Thread Tools Search this Thread
Old 01-23-2016, 09:07 AM   #1
gummihuhn
Enthusiast
gummihuhn solves Fermat’s last theorem while doing the crossword.gummihuhn solves Fermat’s last theorem while doing the crossword.gummihuhn solves Fermat’s last theorem while doing the crossword.gummihuhn solves Fermat’s last theorem while doing the crossword.gummihuhn solves Fermat’s last theorem while doing the crossword.gummihuhn solves Fermat’s last theorem while doing the crossword.gummihuhn solves Fermat’s last theorem while doing the crossword.gummihuhn solves Fermat’s last theorem while doing the crossword.gummihuhn solves Fermat’s last theorem while doing the crossword.gummihuhn solves Fermat’s last theorem while doing the crossword.gummihuhn solves Fermat’s last theorem while doing the crossword.
 
Posts: 35
Karma: 28904
Join Date: Aug 2015
Device: none
A Do It Yourself "Read It Later" Service for Koreader

In addition to reading a lot of books, I read a lot of news. I love KOreader, and like to read using that tool as much as I can. I've experimented with a lot of tools: Pocket, Wallabag, Calibre, Calibre2OPDS, COPS and many more. But none of them provided the simple, seamless integration of my reading list with KOreader that I desired. So I pieced together my own using some really nice open source tools.

The tools:

Syncthing
I use Syncthing to sync my books between my computers and my devices running KOreader. I also use it to sync a lot of other things between devices. Syncthing is open source, peer-to-peer (no server required) sync software available for a wide variety of platforms. Even if you aren't interested in the "Read It Later" solution I describe in this post you should consider using Syncthing to sync your device(s) running KOreader. There is an Android app, instructions for Kindle Touch and just this week, thanks to tshering, a simple installer for Kobos running KSM. It should be fairly easy to put Syncthing on other e-reader devices. Even if you can't or don't want to install Syncthing on your device, you can use Syncthing for a very easy USB sync solution.

Five Filters
Five Filters offers a variety of content-related tools that may be of interest. The one I use most heavily (and the one used in my "Read It Later" solution) is called "Push to Kindle". Don't worry, despite the name a Kindle is not required. If you submit the URL of web page to this tool, "Push to Kindle" creates a nicely formatted .epub, .mobi or .pdf which can be emailed to your Kindle device (hence the "Push to Kindle" name) or downloaded to your computer. (Note that if you prefer to run "Push to Kindle" on your own server, an open source release is coming soon.

Pandoc (optional)
Pandoc is an open source document converter. It is a very powerful (albeit complicated) tool. I use it as a backup to the Five Filters downloads, since for some unknown reason images are stripped from the Five Filters epubs. For some of the websites I follow, the images are very important (eg, financial charts) so I use Pandoc to generate epubs for them. The downside is that the outputted epubs are not nearly as pretty as their Five Filters counterparts. I'm sure that this could be fixed with stylesheets etc but I have not looked into this. Again, using Pandoc is entirely optional. It is available for a wide variety of platforms. If you need to install from source (this won't apply to most people), I recommend creating a "relocatable binary".

A Simple Script
Here is a simple script I wrote to use these tools together:

Code:
#!/bin/bash

# a simple script to download an epub version of a given web page from http://fivefilters.org/kindle-it/
# or (optionally) generate an epub version of the given web page using Pandoc (http://pandoc.org/)

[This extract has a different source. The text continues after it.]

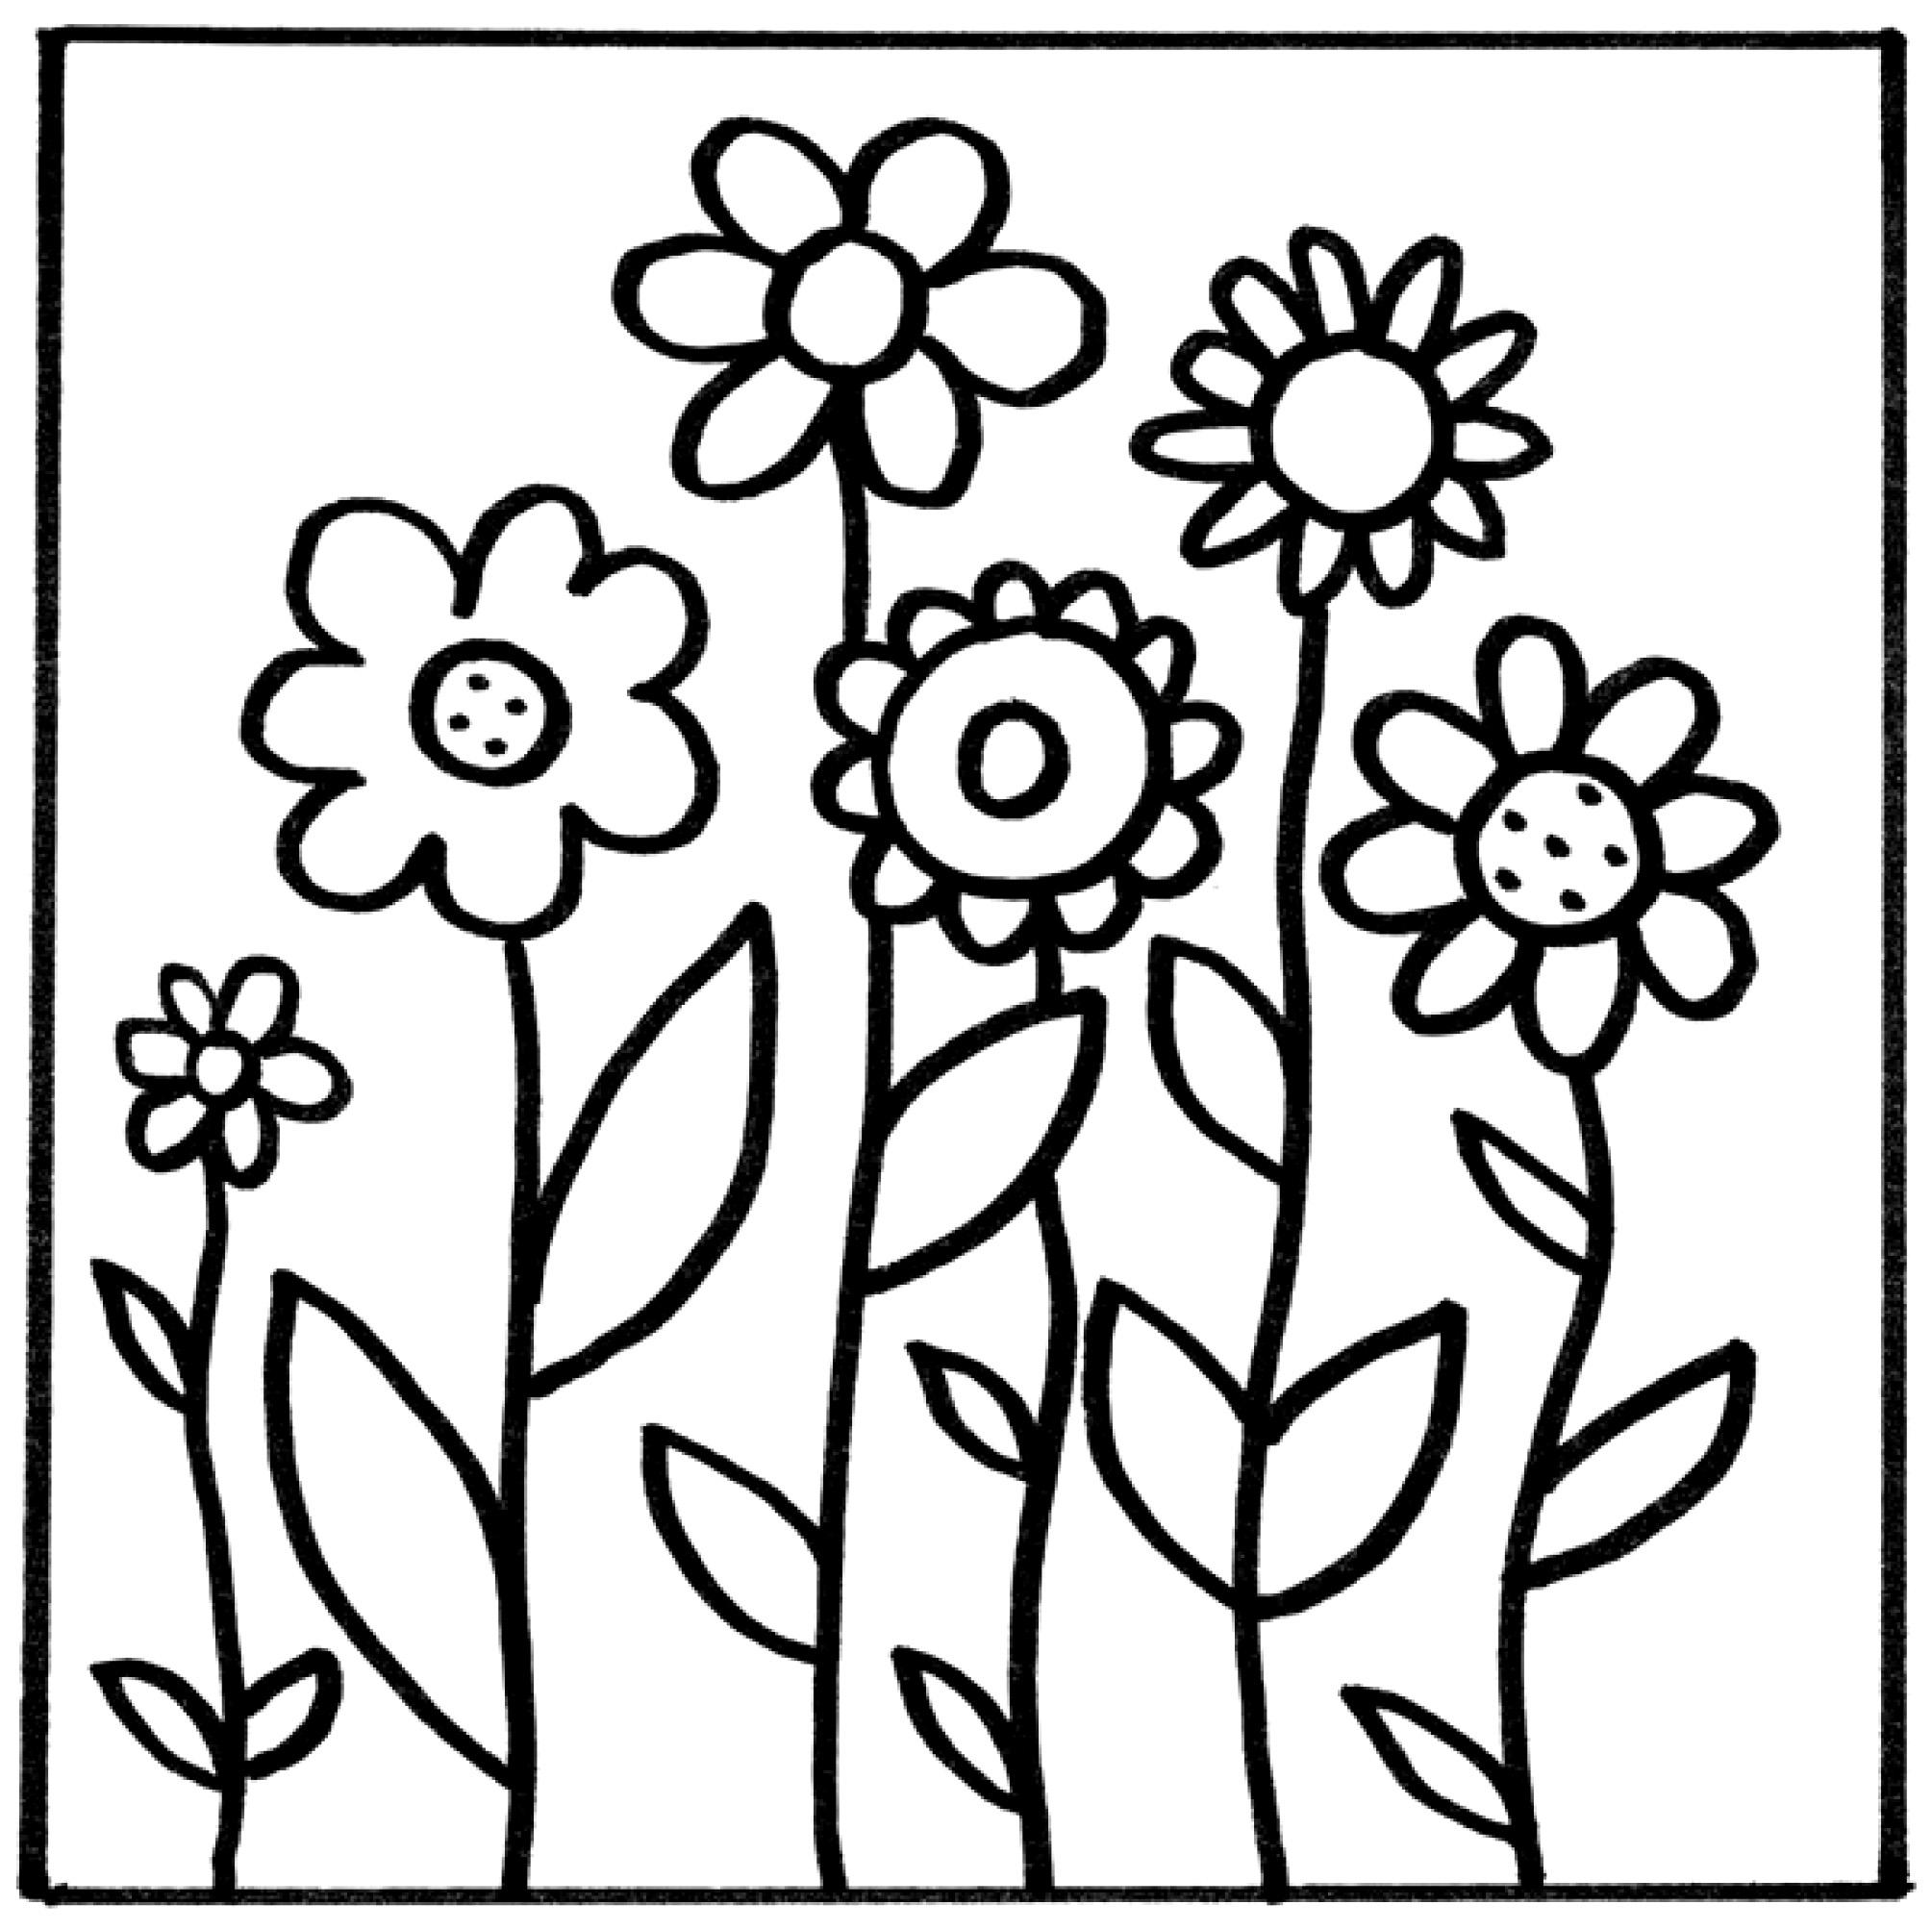 MyToys_Malvorlagen_Blumen_Blumenwiese myToys-Blog

# change the next line to the absolute output path where you would like the epub to be saved inlcuding the trailing '/'
savepath="$HOME/Documents/"

# OPTIONAL: the absolute path to the list of domains for which you want epubs with images (less pretty output)
# Use one fully qualified domain name (https://en.wikipedia.org/wiki/Fully_qualified_domain_name) per line.
# Pandoc must be installed to use this feature.
pandoclist="$HOME/.config/pandoclist"

now=$(date +"%s")                       # store the current time
url=$1                                  # store the input URL
furl=${url#*://}                        # remove the 'http://' or 'https://' from the input URL
domain=$( echo "$furl" |cut -d/: -f1 )  # get the domain for checking against Pandoc list

# the next line contains the options to pass to Five Filters
durl='http://fivefilters.org/kindle-it/send.php?context=download&format=epub&url='
durl+=$furl                             # construct the full URL of the epub request URL

oname=$(basename $url)                  # save the last part of the URL, which we will use to name the epub
oname="${oname%.*}"                     # remove the file extension (eg .html)
oname+=-"$now"			        # add a timestamp to prevent overwriting of files with same name
oname+='.epub'                          # add the .epub file extension to the output name
opath=$savepath$oname                   # define the absolute path to the output file

if grep -Fxq $domain $pandoclist        # check for match in the Pandoc list 
then
    pandoc -r html $url -t epub -o $opath       # generate the epub and store it in the specified directory
else
    wget -b -q $durl -O $opath                  # download the epub and store it in the specified directory
fi
Putting It All Together
  1. Install Syncthing on a computer. Optionally, also install Pandoc on the same computer.
  2. [Install Syncthing on your KOreader device(s), or set up your Koreader device(s) for simple USB sync.
  3. Configure the folders to be synced between your computer(s) and your KOreader devices(s). See http://docs.syncthing.net/intro/getting-started.html. I use one folder ("Books", with subfolders) for my books, and another folder ("News") for epubs gathered with the above tools.
  4. Put my simple script on your computer and make sure it is executable. Make sure you edit it to set where the epubs should be saved (this should be the same as one of your synced folders), and optionally, the location of your list of websites for which Pandoc should be used instead of Five Filters.
  5. Now test it. From the command line, in folder where your script is:
    ./<name of script> <URL of web page>
  6. Assuming it is working as you like it, set up your browser, RSS aggregator etc to pass a URL to the script with a simple keyboard shortcut. This is left as an exercise for the reader.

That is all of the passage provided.